Part 1 of this series introduces the Free Lossy Image Format (FUIF), which I recently developed. Part 2 explains the why, what, and how of FUIF. This post, part 3 of the series, delves into how FUIF is legacy friendly, which I alluded to in Part 2.
A vast number of JPEG images exist out there, as well as devices that produce new JPEG images every day. If the only way to transcode a JPEG image to a new image file format is to decode the JPEG to RGB pixels (or to YCbCr) and encode that to the new format, then there’s a problem. The result is either a significant generation loss or new files that are actually larger than the originals.
FUIF is compatible with JPEG in the sense that it supports the 8×8 discrete cosine transform (DCT) and the YCbCr color transform. That means FUIF can losslessly represent the actual information in JPEG images while still offering you most of its benefits, such as the following:
- Responsive by design, not limited to a scale of 1:8
- Minimal header overhead
- Better compression results than those from JPEG, thanks to enhanced entropy coding
Comparing FUIF to Dropbox’s Lepton, which also does lossless JPEG recompression, reveals that—
- Lepton can usually obtain a somewhat better compression.
- Lepton is faster.
- Lepton is bit exact, not just image exact.
However, FUIF offers these benefits:
- You can decode FUIF progressively. Lepton is “antiprogressive” because it encodes the AC coefficients before the DC coefficients.
- You can enhance JPEGs, for example, by adding a lossless or lossy alpha channel to them.
Unlike JPEG XT, the FUIF bitstream is completely different from legacy JPEG and it is thus unreadable to JPEG decoders. Obviously, full backward compatibility is convenient but it has serious downsides. It implies that the compression density cannot be improved compared to legacy JPEG. It also means that none of the new features (like alpha or higher bit depth) are guaranteed to be rendered correctly since, at least initially, most decoders would simply ignore any extensions of the legacy JPEG bitstream. So, in my opinion, not being backward compatible is a better design choice.
While FUIF is not backward compatible with JPEG, it is “legacy friendly” in the sense that you can convert existing JPEG images losslessly and effectively to FUIF, potentially with added information like alpha or depth channels.

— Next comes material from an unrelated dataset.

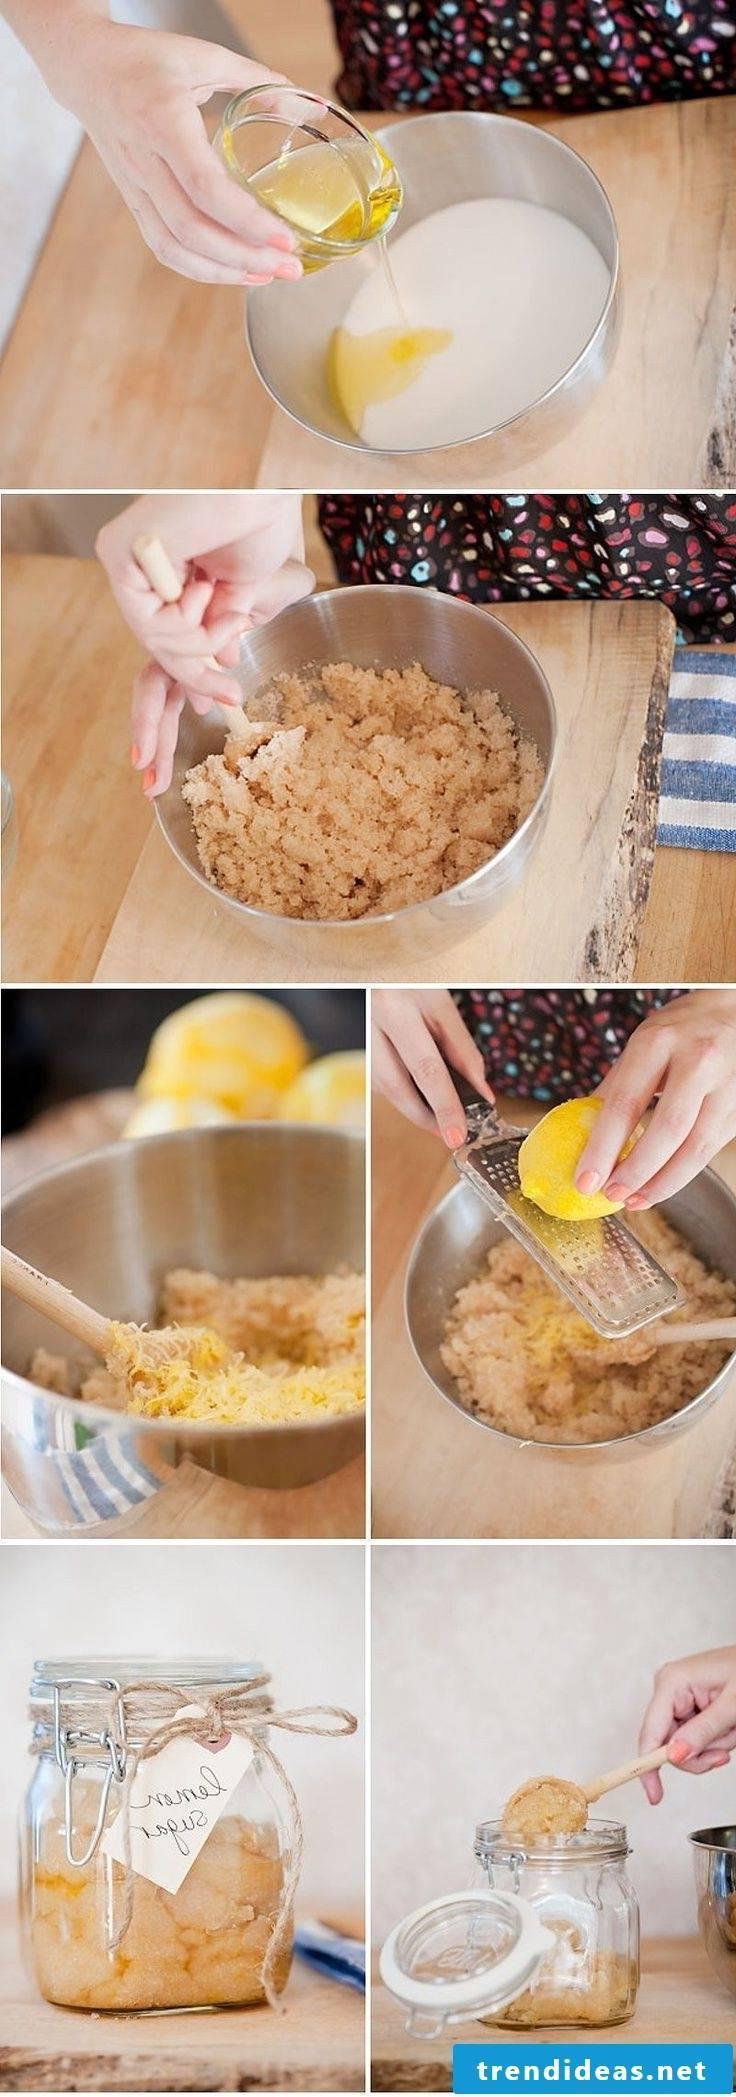 Exfoliate yourself - Lemon sugar scrub recipe

FUIF can also effectively recompress existing (animated or still) PNGs and GIFs. Those formats are lossless within their limitations so generation loss is not an issue. However, effectively recompressing them can be challenging for new image formats since the compression methods for PNGs and GIFs differ from those for most lossy formats. For example, for images or animations with few different colors, PNG or GIF can be smaller than JPEG even though they are lossless and JPEG is lossy.

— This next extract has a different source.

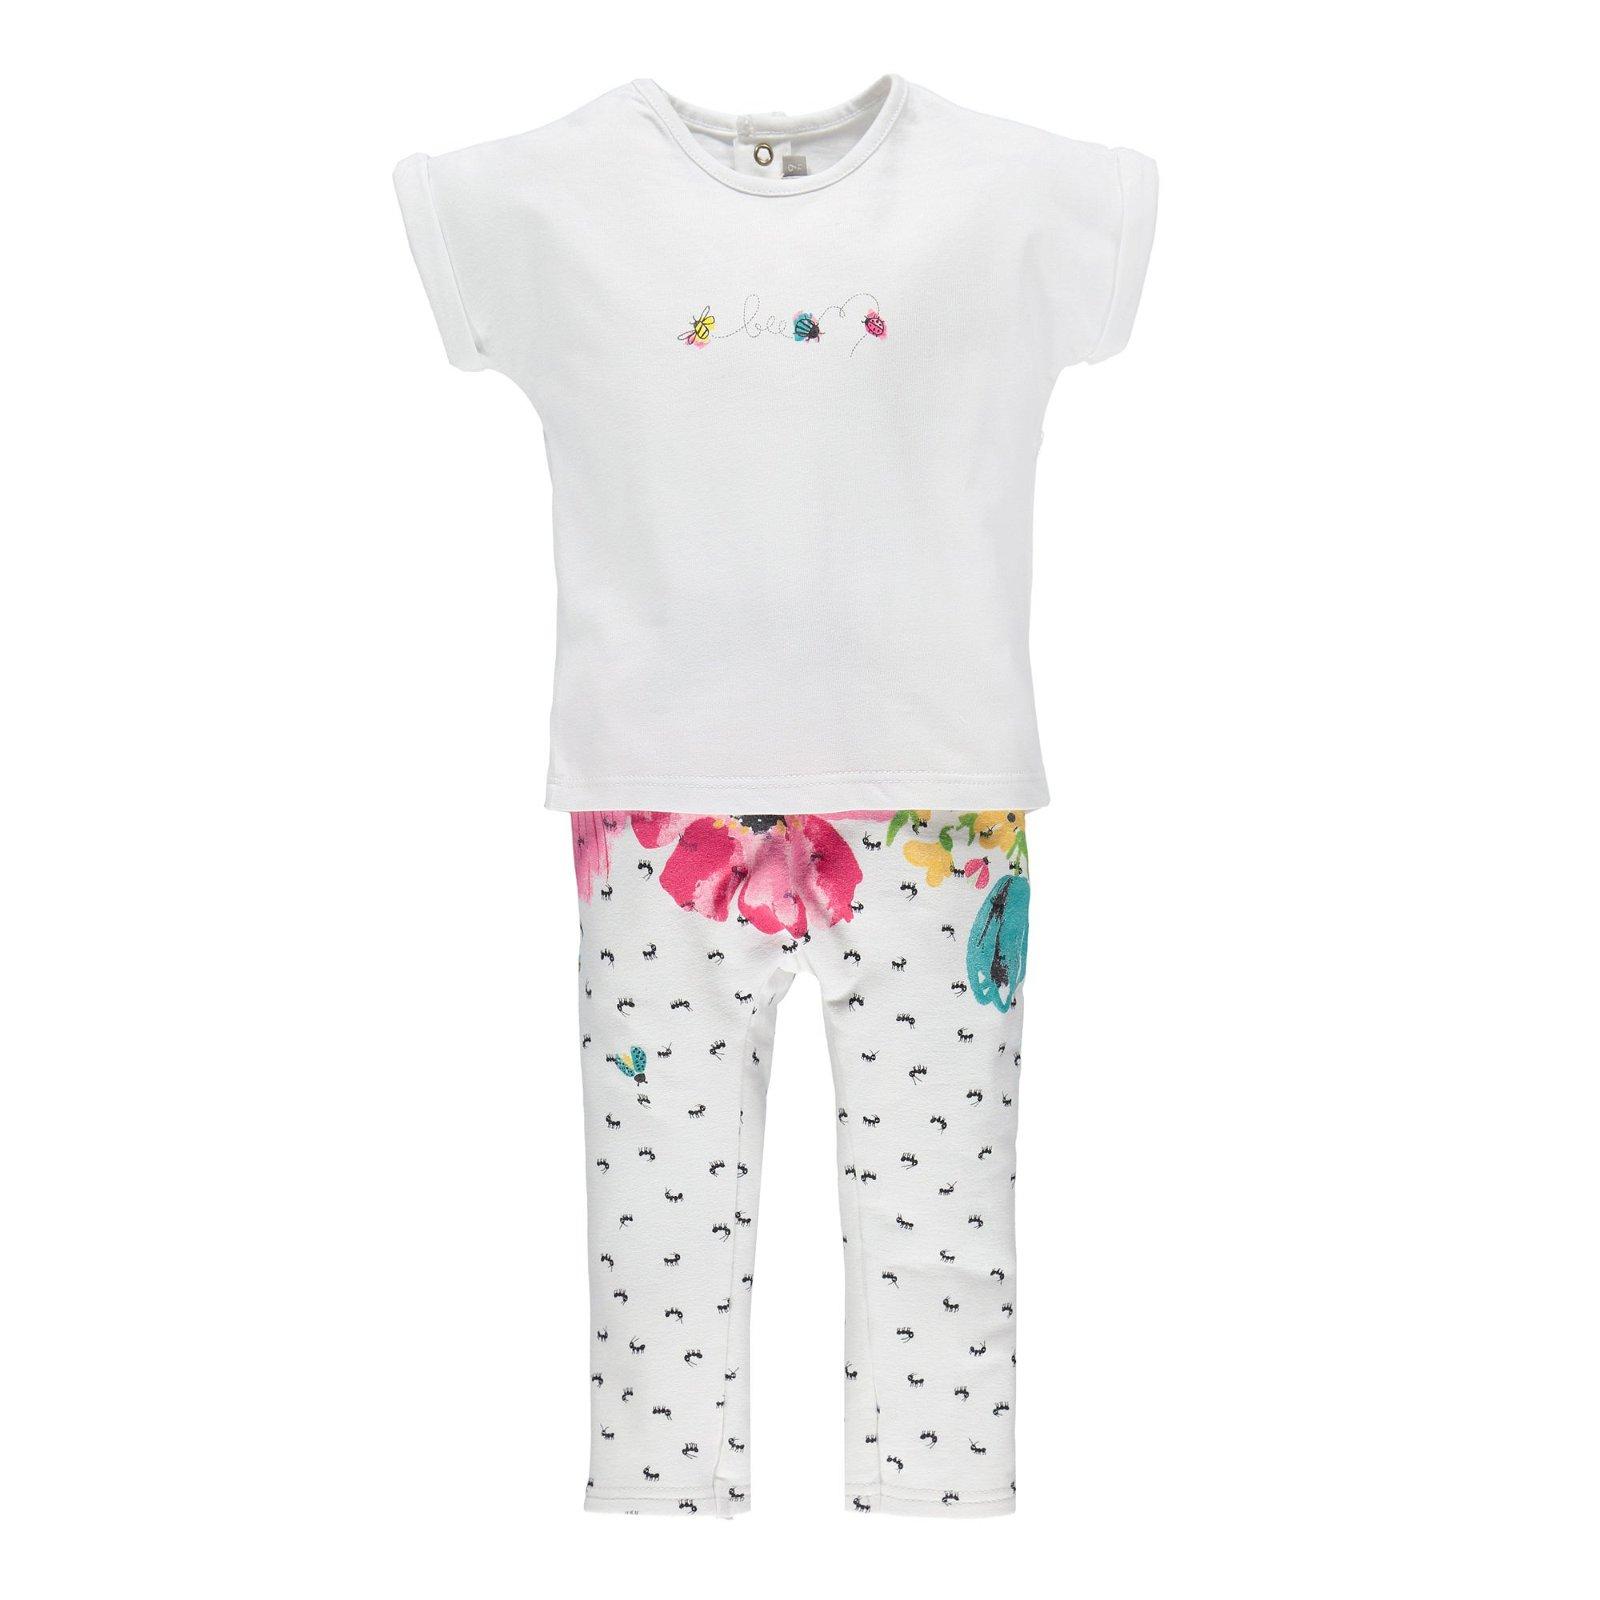 Completino neonata t-shirt + leggings

You can effectively recompress PNGs and GIFs by means of two specific image transformations in FUIF:
- Palette: Both PNG8 and GIF use a color palette of up to 256 colors, replacing the usual three-color channels with just a single palette-index channel. FUIF supports palettes of arbitrary sizes.

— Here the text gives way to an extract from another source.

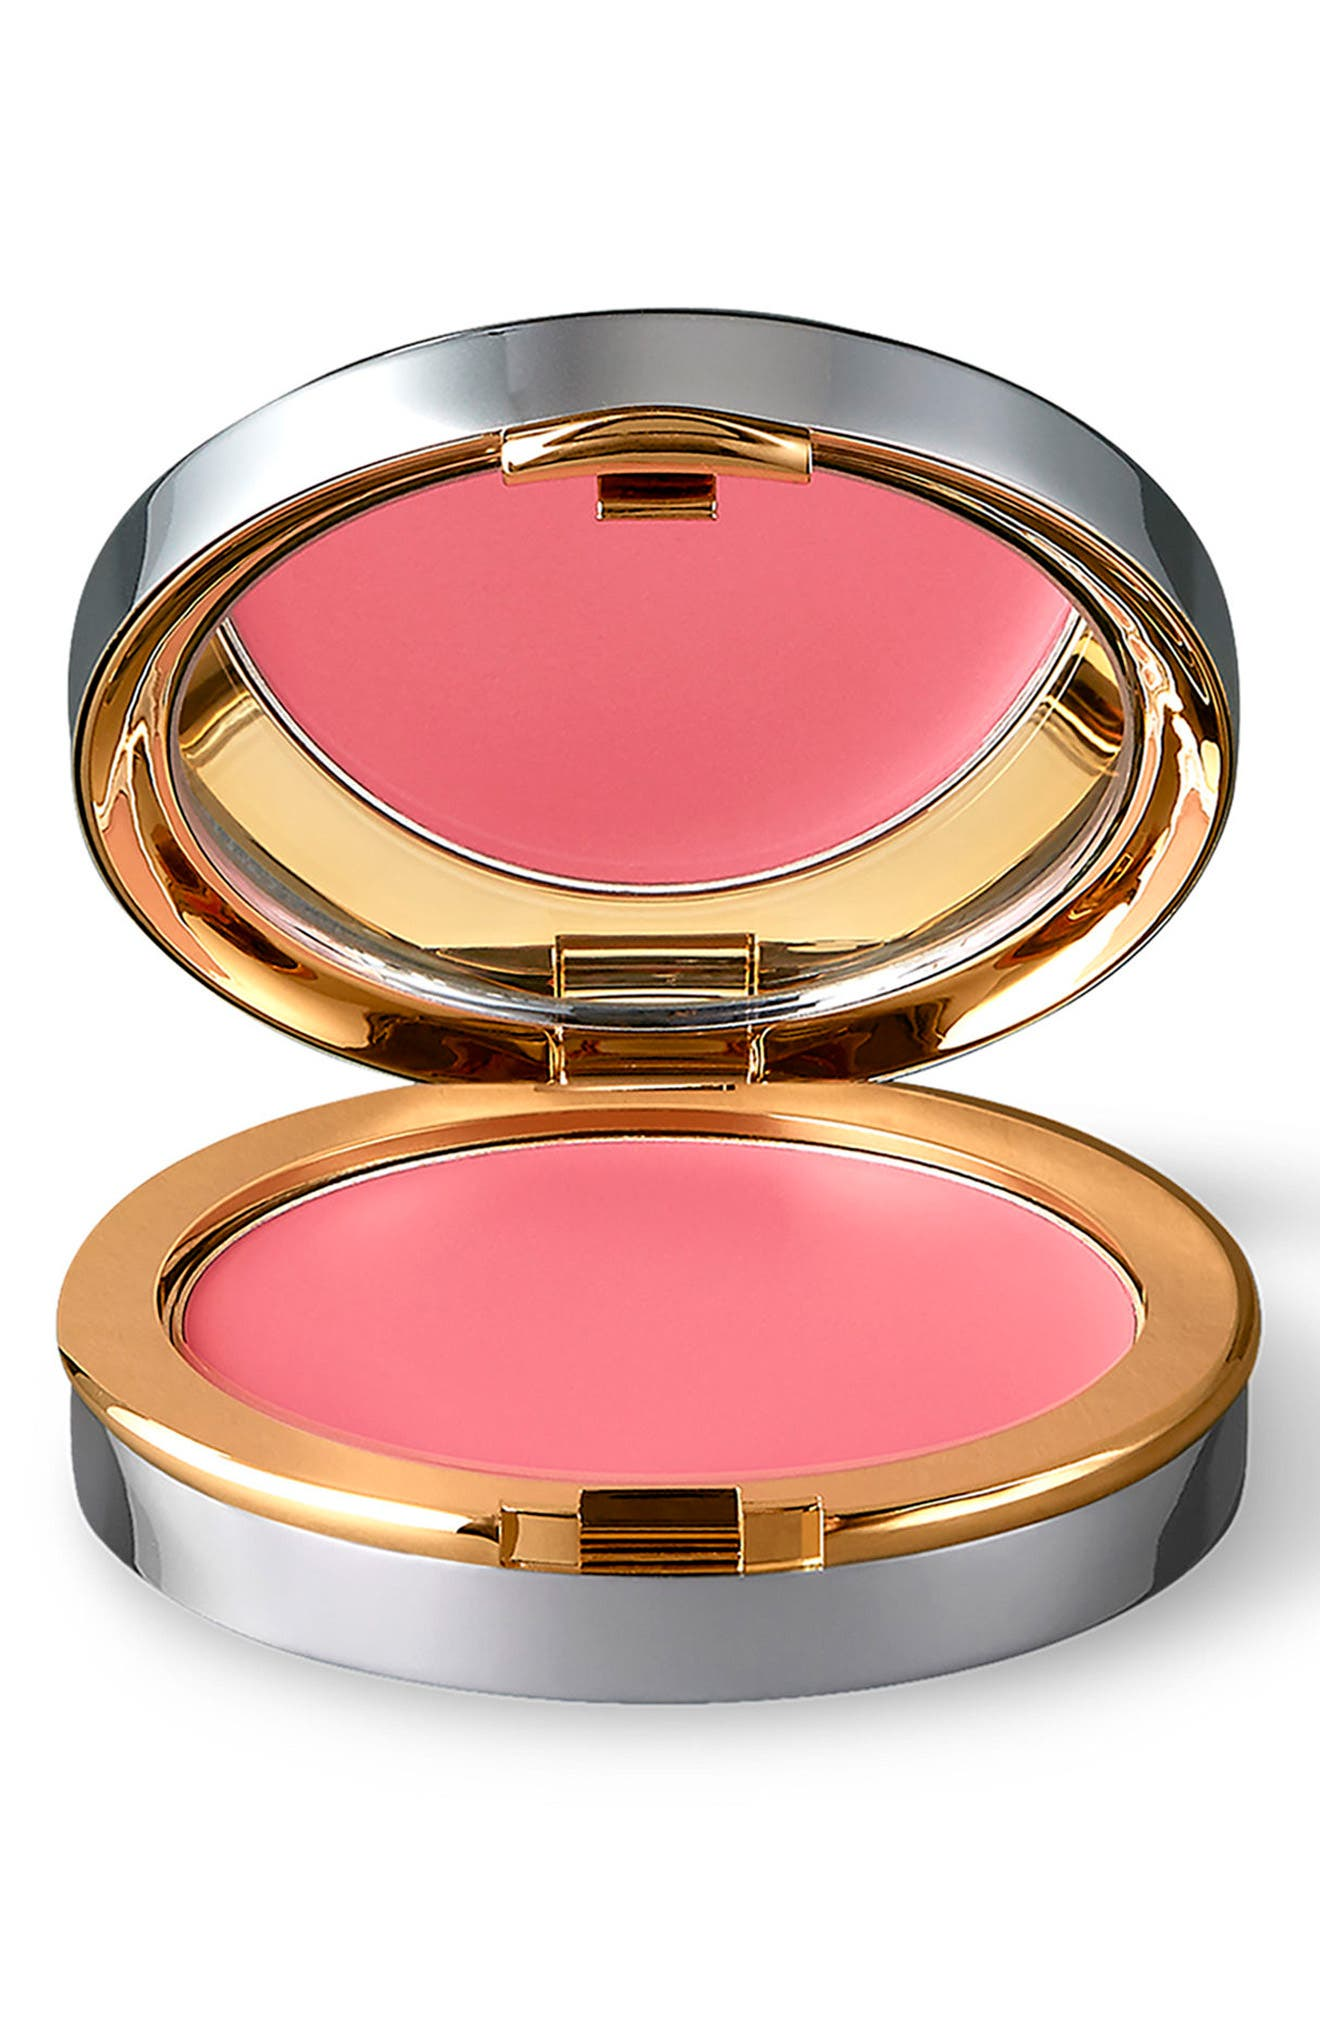 Main Image - La Prairie Cellular Radiance Cream Blush

- Matching: This second transformation removes repetitive pixel patterns in images or animations, encoding them just once and replacing the other occurrences with references. This mode results in compression gains similar to what you can obtain with the dictionary-style entropy encoding of PNG and GIF. Because this mode can also compensate for interframe motion, it also works well in animations.
You can encode FUIF-recompressed PNGs and GIFs in a progressive—and thus responsive—way, either lossless or lossy.
Being able to recompress JPEGs, PNGs, and GIFs effectively without introducing additional loss is one way in which FUIF preserves the legacy of the past. Another way in which FUIF is legacy friendly pertains to the future.
Ideally, lossy compression is applied only once on an image. You should edit only lossless images and, in the final step, apply lossy compression to make those image files smaller for distribution. In practice, however, lossless originals often get lost and all that’s available as source material for editing are lossy images.
Repeated lossy encoding leads to generation loss, also called the “photocopier effect.” Ironically, advanced, modern image file formats tend to suffer more from that problem than the older formats. That’s because the advanced formats use a stronger arsenal of compression tricks, which enable them to obtain better compression but which also frequently result in more serious cumulative errors.
Realistically, it’s hard to completely avoid generation loss in lossy compression. Nonetheless, you can minimize the loss with FUIF. Here is an enlightening demo that shows how FUIF and some other image file formats behave after 500 generations of recompression:
As you can see, FUIF is legacy friendly in two key ways: it can effectively recompress existing JPEG, PNG, and GIF images (the legacy of the past) without introducing additional loss, and it is resilient to generation loss (the legacy to the future). In the next post, I will talk about compression artifacts, including those for FUIF.
The FUIF Code has now been made public.